Tuesday, July 7, 2009

Hydropower


If my count is correct, six of the 20 navigation locks and dams on the Ohio River have hydroelectric plants: Hannibal, Belleville, Greenup, Markland and McAlpine. Four were built in the 1980s and 1990s. American Municipal Power recently began construction on one at Cannelton.


Ideas have been floated for using the Ohio River current to generate power without attaching a power plant to a dam. One of the more recent is by McGinnis Inc. of South Point OH.
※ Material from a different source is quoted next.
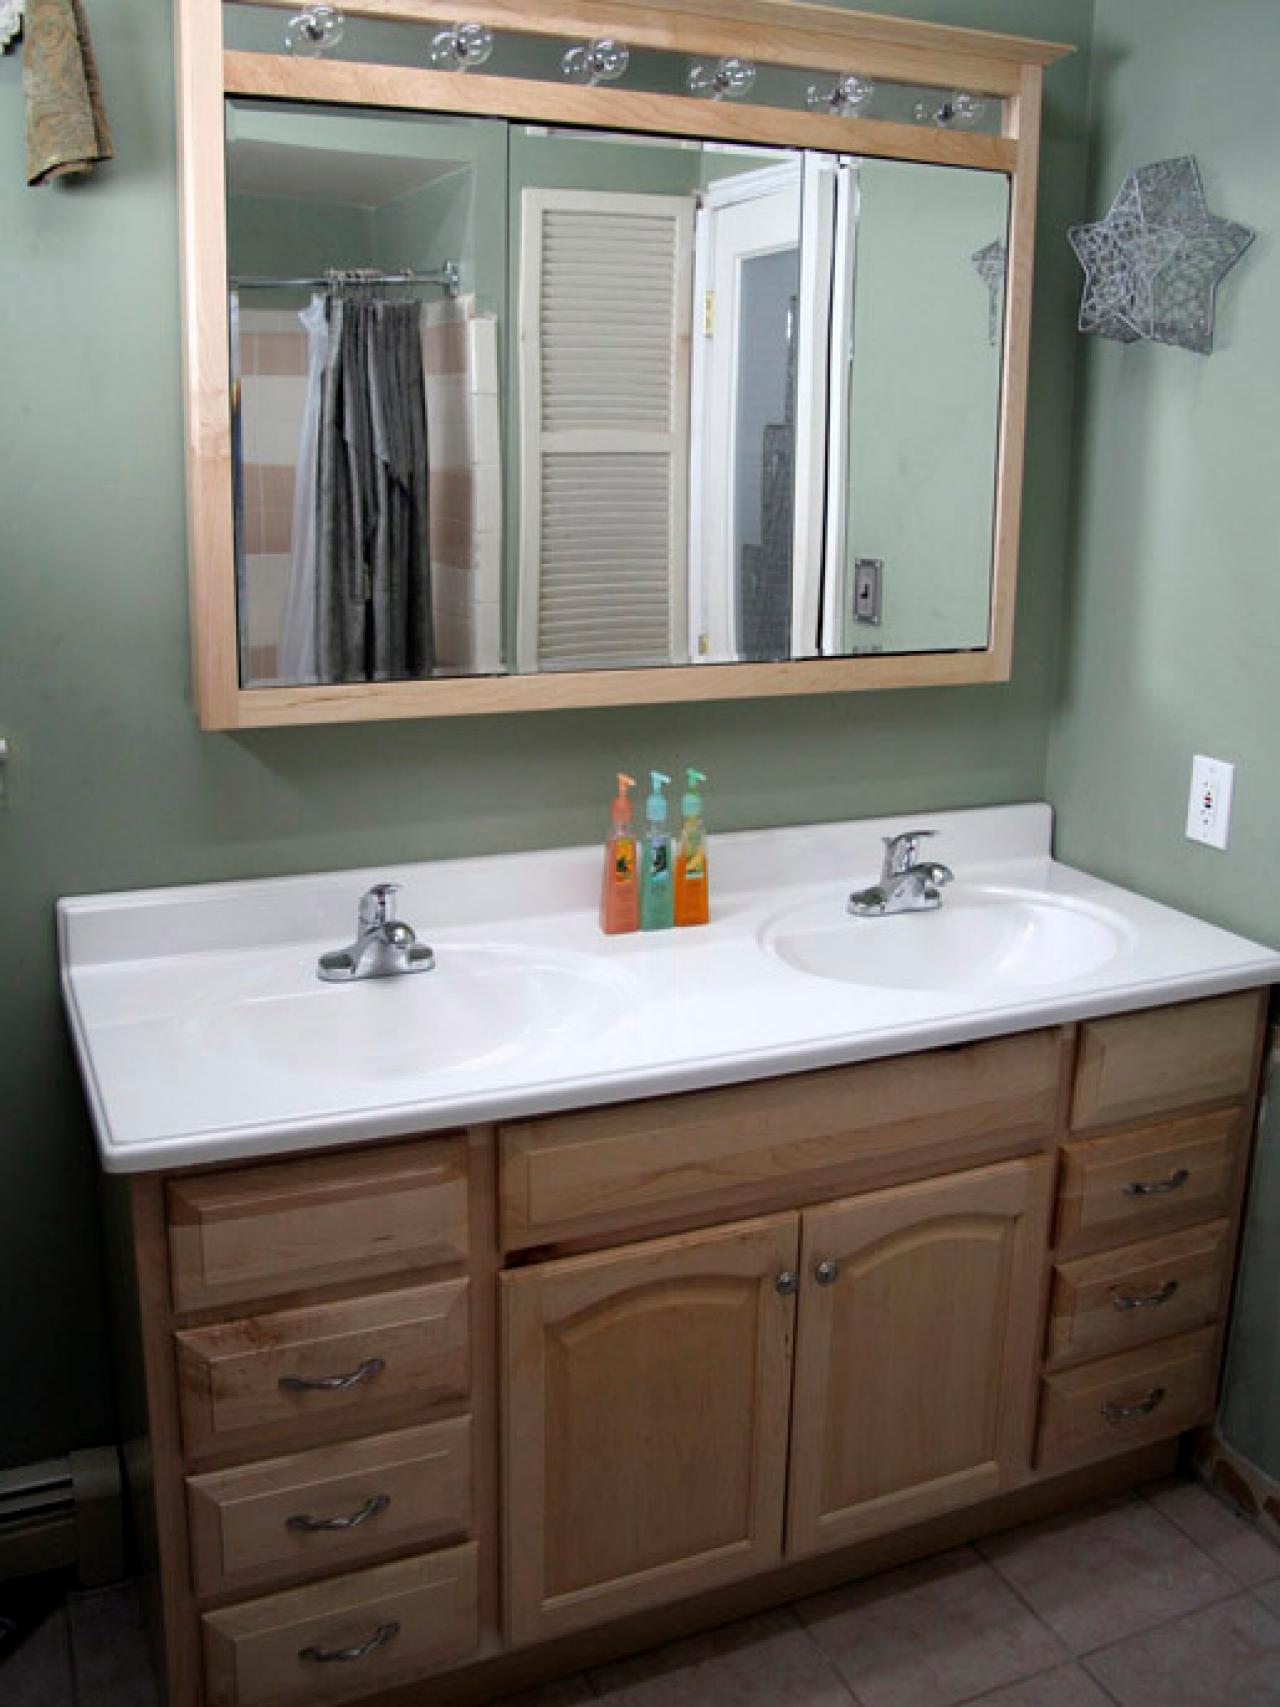 Installing A Bathroom Vanity - How To Install Bathroom Vanity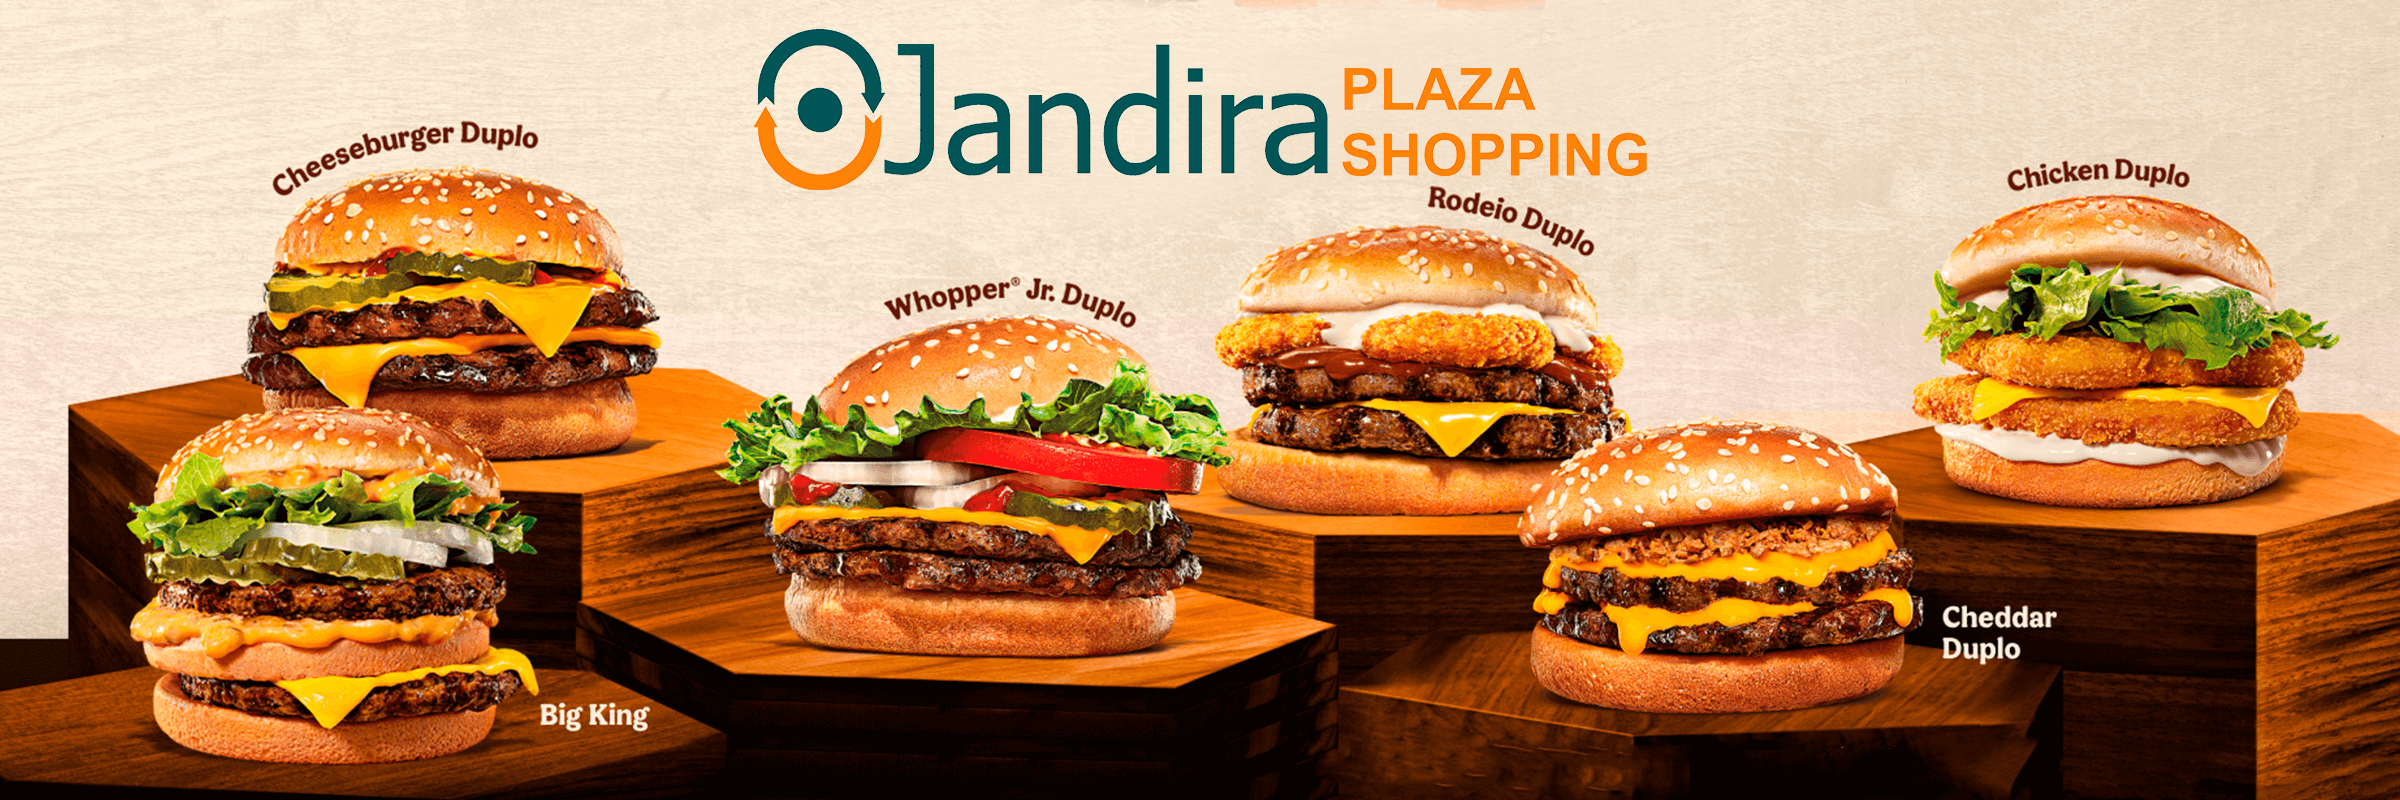 Burger King é no Jandira Plaza Shopping!

According to records at the Federal Energy Regulatory Commission, McGinnis has filed applications to study the feasibility of three “hydrokinetic” generating facilities in the Ohio River below the Robert C. Byrd, Newburgh and McAlpine locks and dams. All information is copied and pasted from the FERC Web site.


At Robert C. Byrd (formerly Gallipolis):

The proposed Robert C. Byrd Project would be located just downstream of the Robert C. Byrd Lock and Dam in an area of the Ohio River approximately 9,500-feet-long and 1,100-feet-wide and would consist of: (1) a single barge suspending up to 10 axial flow turbine generators into the river with a total installed capacity of 350 kilowatts;  (2) a new 300 to 8,000-foot-long, 13.5-kV transmission line; and (3) appurtenant facilities. The project would have an estimated average annual generation of 1,533  megawatt-hours. 


At Newburgh: 

The proposed project would consist of: (1) a 100 to 300-foot-long by 20 to 52-foot-wide barge spudded down to the riverbed; (2) 10 6-8-foot-long by 6-8-foot-diameter turbine-generators mounted in line along the side of the barge; (3) one armored, high-voltage cable transmitting the generated power to the existing transmission line located adjacent to the proposed project area; and (4) appurtenant facilities. The proposed project would generate about 1,533 megawatt-hours. 


At McAlpine:

The proposed project would consist of: (1) a 100 to 300-foot-long by 20 to 52-foot-wide barge spudded down to the riverbed; (2) 10 6-8-foot-long by 6-8-foot-diameter turbine-generators mounted in line along the side of the barge; (3) one armored, high-voltage cable transmitting the generated power to the existing transmission line located adjacent to the proposed project area; and (4) appurtenant facilities. The proposed project would generate about 1,533 megawatt-hours. 


Whether any of this is feasible I have no idea, of course. That’s what engineers are paid to decide. And the Corps of Engineers and the Coast Guard will have to get involved, along with other federal agencies, as impacts on the environment, navigation, recreation and other uses are considered.


This is one of those times that I miss being a full-time newspaper person.